Trump's FTC announces merger condition that prohibits advertising boycotts
Briefly

The FTC has proposed a consent order to address an antitrust complaint against the merger between Omnicom and Interpublic, alleging it violates competition laws. Although not directly mentioning Elon Musk or X, the complaint aligns with X's claims against an advertising group. The organization shut down a controversial project amidst these allegations. Omnicom's compliance with FTC demands helps avert potentially severe regulatory battles, with CEO Wren expressing optimism about regulatory approval for the merger in the near future.
By agreeing to the FTC's demands, Omnicom avoids having to fight allegations that the merger will enable illegal coordination.

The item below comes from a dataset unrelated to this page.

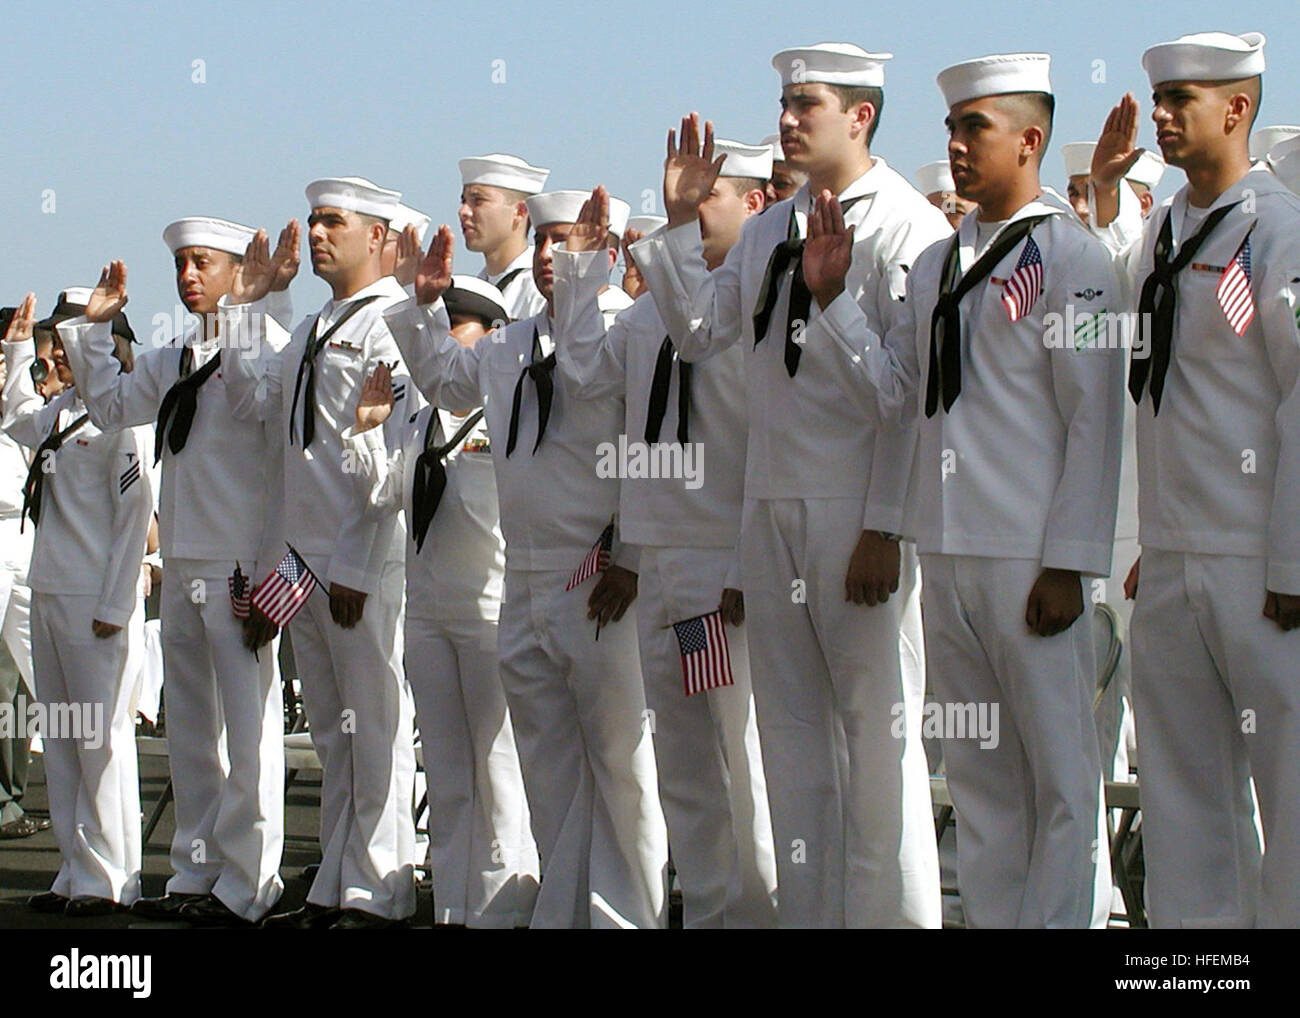 030702-N-9076B-001 Naval Air Station North Island, Calif. (Jul. 2, 2003) -- Sailors and U.S. Marines take the Oath of Citizenship held on the flight deck aboard USS Constellation (CV 64). Over 170 individuals from 35 different countries took the oath to become U.S. Citizens.   Constellation recently returned from a Western Pacific deployment in support of Operations Southern Watch, Enduring Freedom and Iraqi Freedom.  U.S. Navy photo by Chief PhotographerÕs Mate Donald Bray.  (RELEASED) US Navy 030702-N-9076B-001 Sailors and U.S. Marines take the Oath of Citizenship held on the flight deck abo Stock Photo

Omnicom CEO John Wren said, "We are delighted that our transaction with Interpublic has cleared this significant regulatory hurdle..."
Ferguson said that "the advertising industry has been plagued by deliberate, coordinated efforts to steer ad revenue away from certain news organizations, media outlets, and social media networks."
The FTC complaint mirrors X's claims by alleging that a federation project labeled "legitimate political speech" as "misinformation" and demonstrates the potential for future coordination.
The World Federation of Advertisers denies wrongdoing in the case filed by X, but it shut down its Global Alliance for Responsible Media (GARM) project.